A review of directors’ duties and liabilities will hopefully lead to clearer roles for directors of New Zealand companies.
The New Zealand Law Commission has been tasked with carrying out the review under the Companies Act 1993 – expected to begin in mid-2025. While it will take time to be completed and implemented, better clarity around the legal roles, obligations and liabilities of company directors can only be a good thing.
In the meantime, our Corporate Law team is happy to provide guidance to directors and business owners on their legal obligations. To discuss this further, please reach out to a member of our friendly team.
The review
In June 2024, the Minister of Justice Paul Goldsmith asked the Law Commission to review the legal duties of company directors under the Companies Act 1993 (Act), together with the associated liabilities which directors can be faced with.

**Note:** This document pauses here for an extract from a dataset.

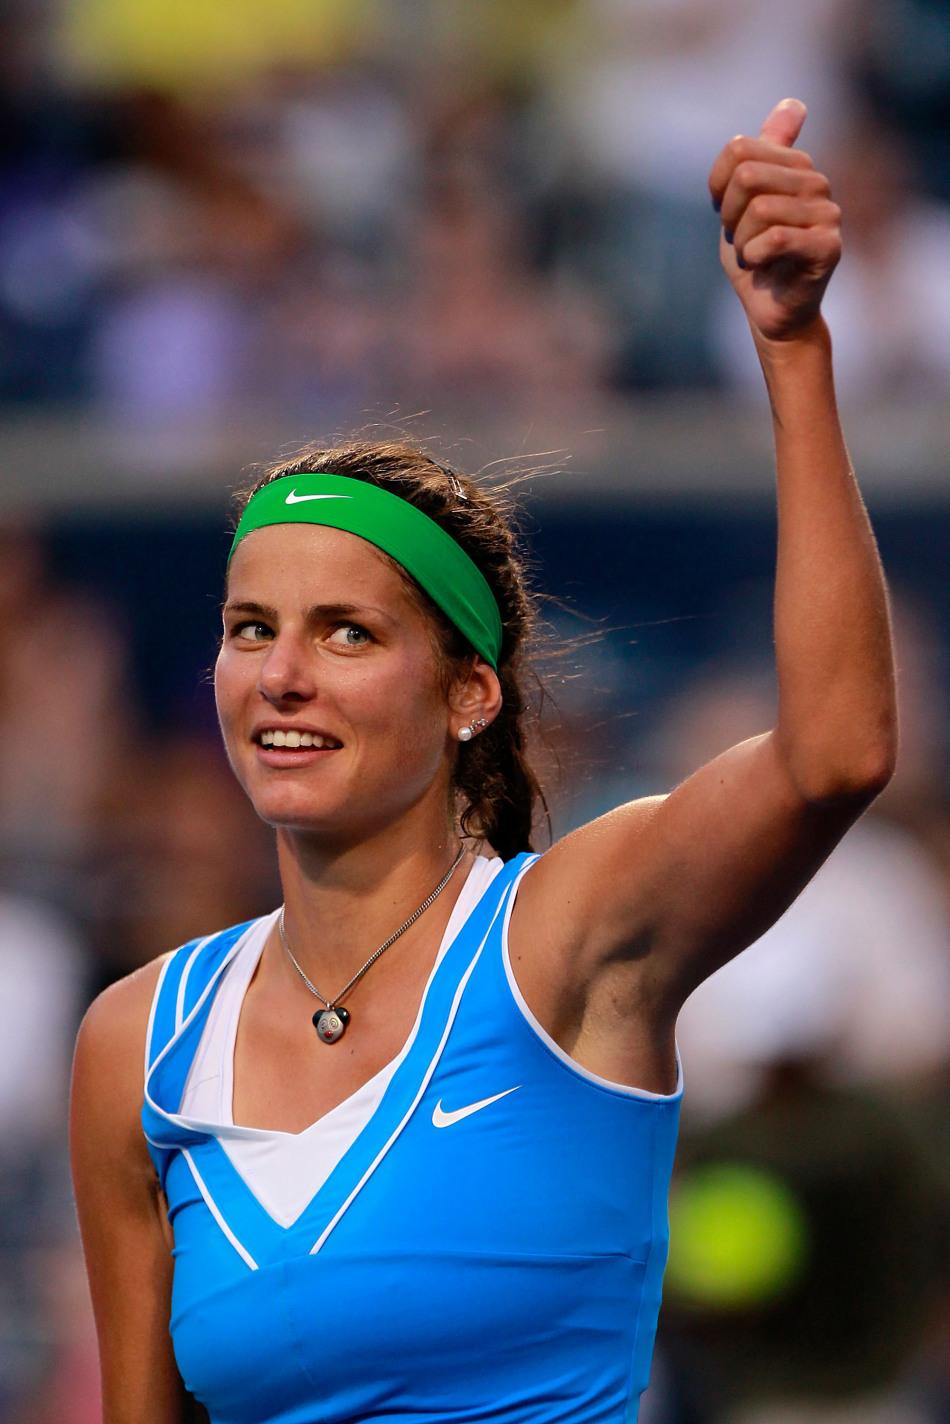 网球美女格尔格斯_格尔格斯_女网格尔格斯_鹊桥吧

Read the Law Commission’s announcement here.
For some time now, directors have come up against a good deal of uncertainty in how the Act expects them to operate. For example, the tension between the need to protect company creditors while simultaneously enabling directors to exercise their reasoned commercial judgement has left a grey area in the law – one examined by the Court of Appeal and the Supreme Court in the landmark case Yan v Mainzeal[1].

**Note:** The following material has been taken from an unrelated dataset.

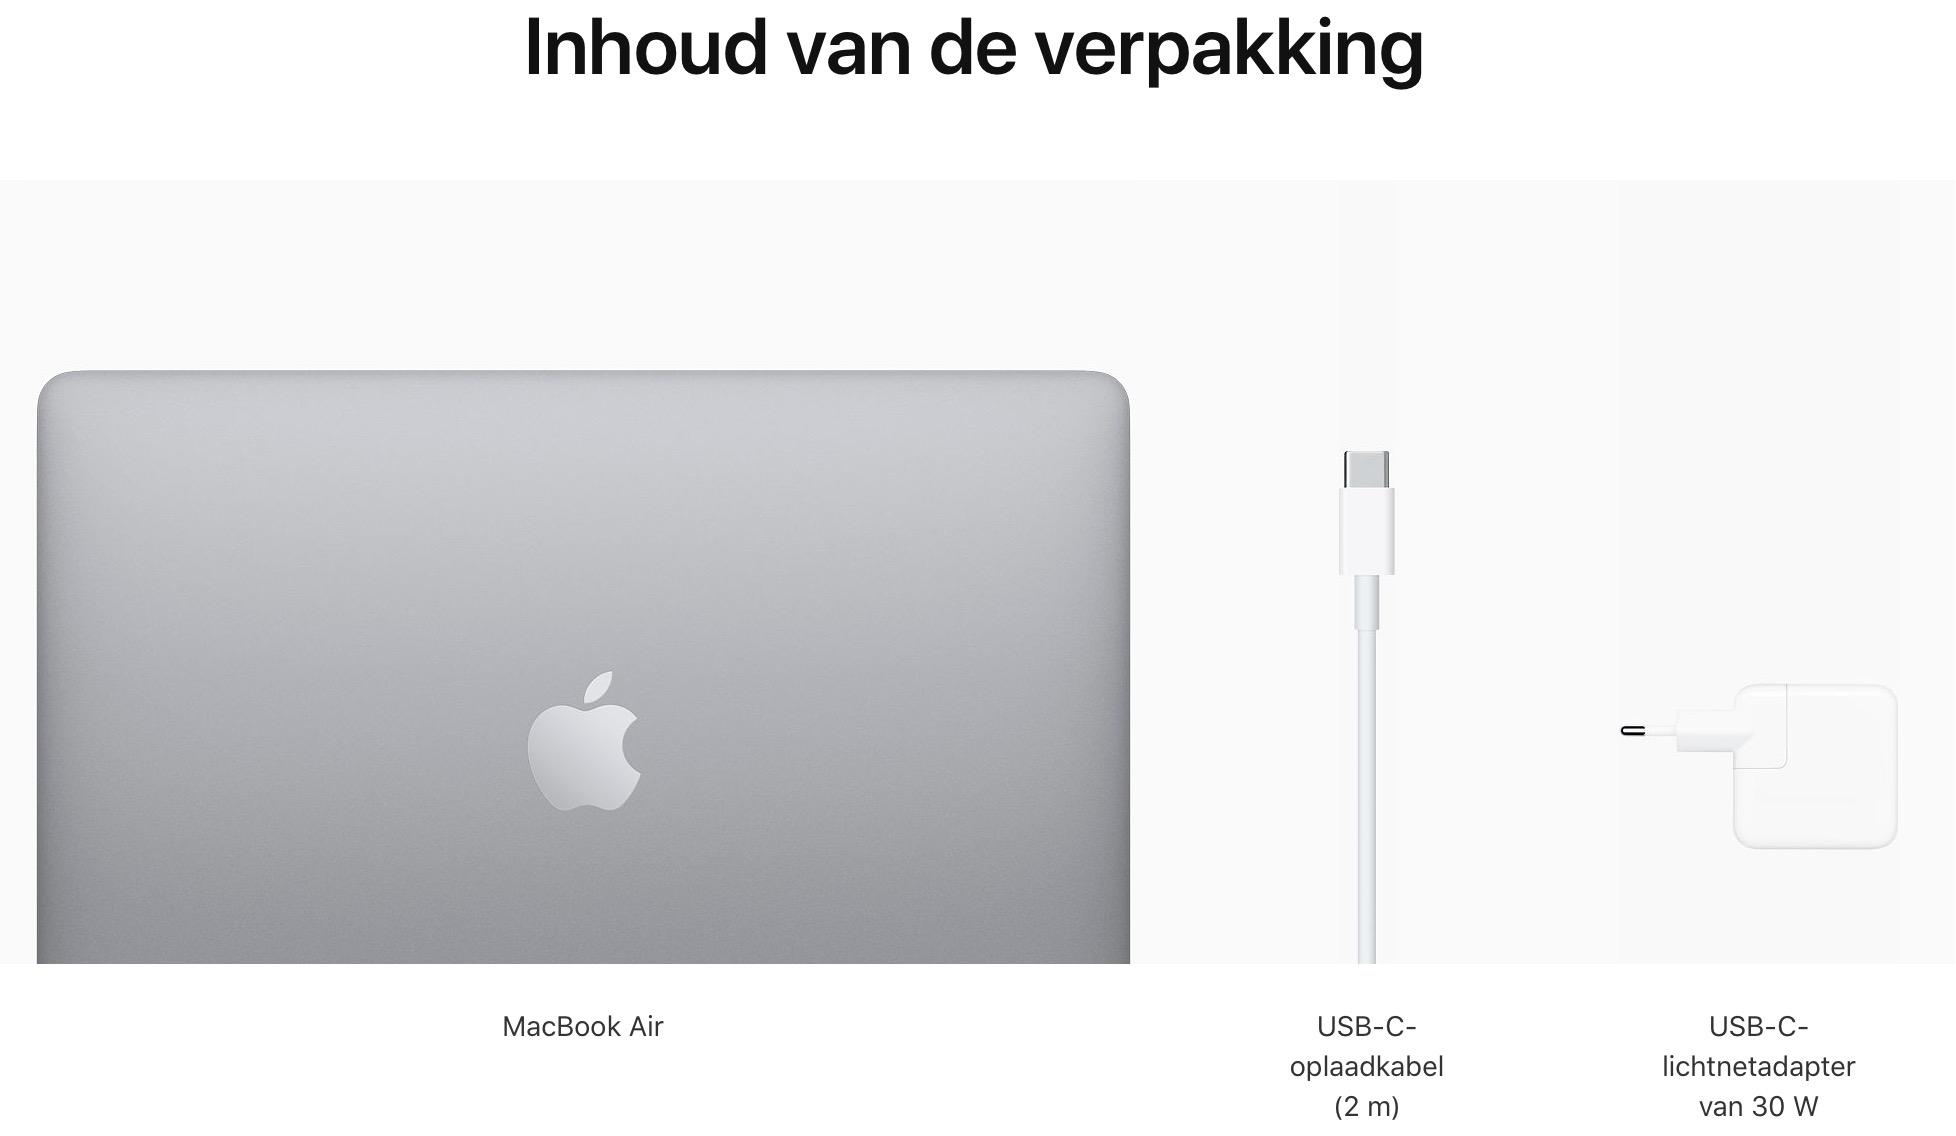 13-inch MacBook Air - Spacegrijs - Apple M1‑chip met 8‑core CPU en 7‑core GPU - 16 GB RAM - 250 GB opslag - Twee (USB‑C)...

In that case, both the Court of Appeal and the Supreme Court supported an overall legislative review of the Act to help address a “general incoherence” in how the statutory directors’ duties are applied in practice. With the Law Commission’s recent announcement, it appears that the Courts will be granted their wish.

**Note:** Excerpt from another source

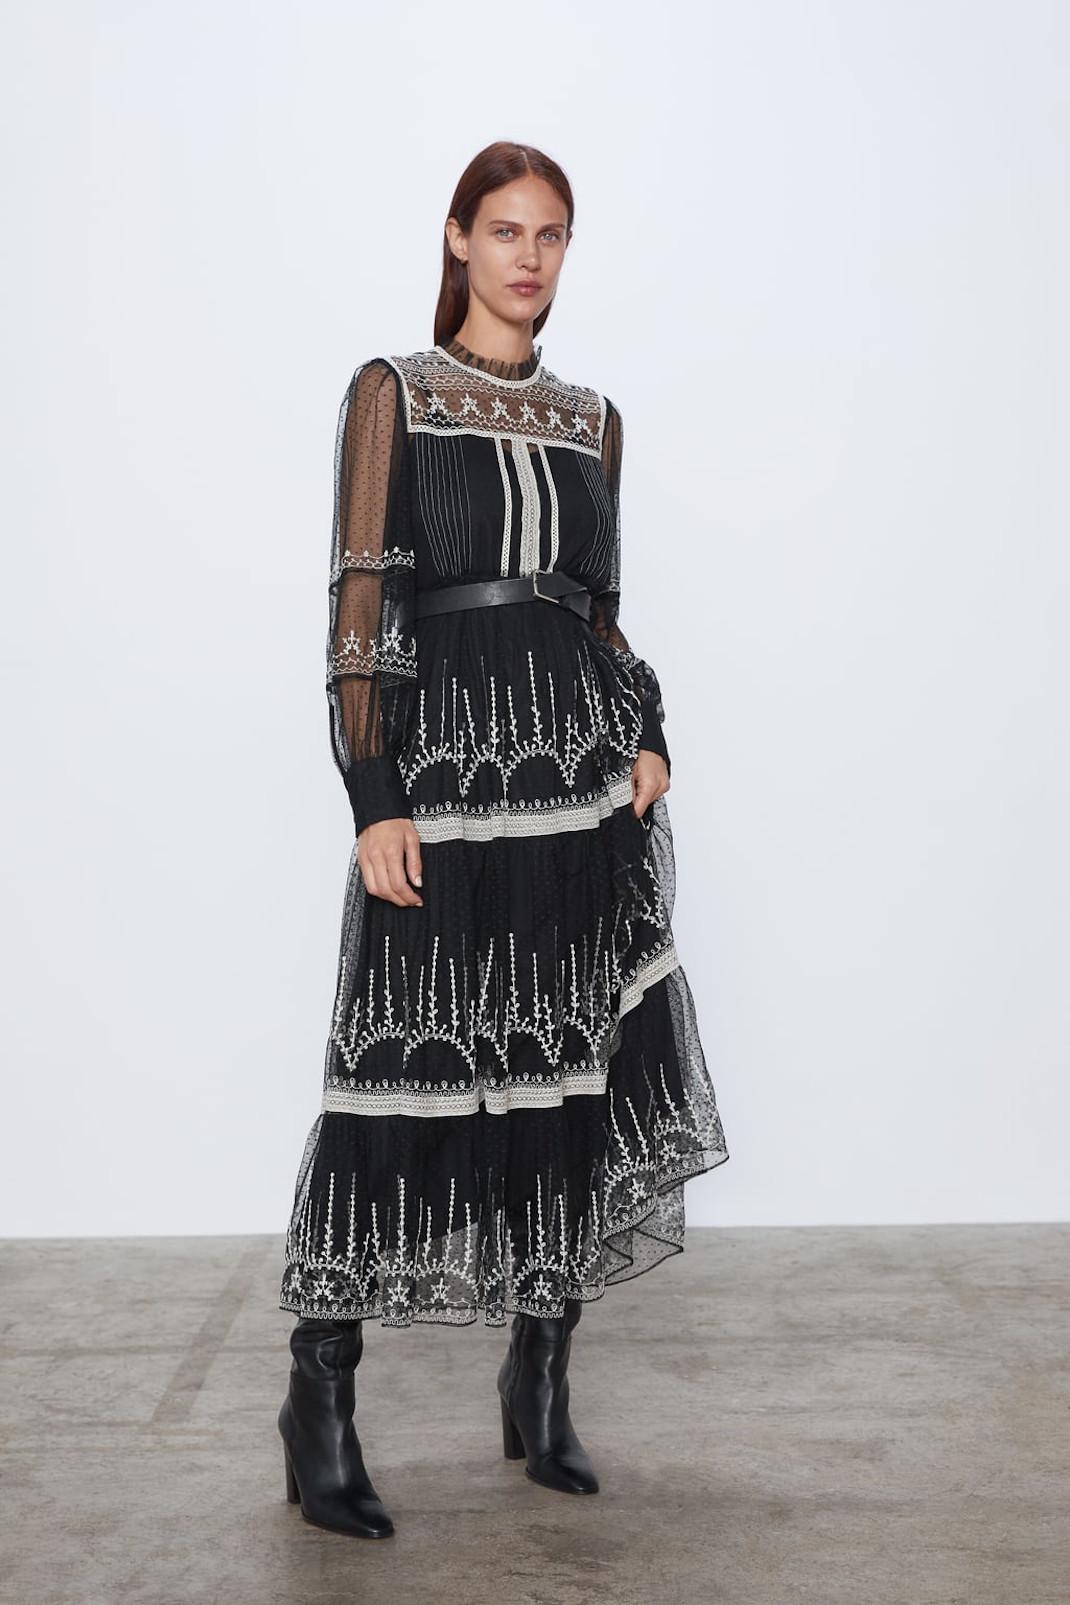 Φόρεμα από τα Zara που επέλεξε η Φαίη Ξυλά

The review will be led by Commissioner Geof Shirtcliffe, who has commented that “The law relating to directors’ duties and liabilities has been causing concern for some time and a review is timely. Duties in the Companies Act relating to reckless trading and incurring obligations are particularly unclear and difficult to apply as they are currently framed and may discourage directors from taking legitimate business risks.”
It is likely the review will focus on the duties relating to reckless trading, the competing interests between a business and its creditors, and whether other currently prescribed directors’ duties and enforcement methods are fit for purpose.
Directors’ duties at law
As a quick recap, the Act currently requires directors to comply with key duties (and can impose penalties if directors fail to do so). These duties include:
- acting in good faith and in the best interests of the company
- exercising all powers of directorship for a proper purpose
- avoiding the company acting in a manner contrary to the Act or its constitution
- avoiding reckless trading (being the creation of a substantial risk of serious loss to the company’s creditors)
- avoiding the company incurring obligations which the company will be unable to fulfil
- exercising the care, diligence and skill of a reasonable director.
What does this mean for company directors?
Perhaps nothing just yet – it may be several years before New Zealand businesses can expect to see any practical changes to the legislation.
However, in the longer term, we are hopeful that the direction taken by the Government will lead to greater certainty regarding the responsibilities of a director of a New Zealand company.
[1] Yan v Mainzeal Property and Construction (in Liq) [2021] NZCA 99 / [2023] NZSC 113.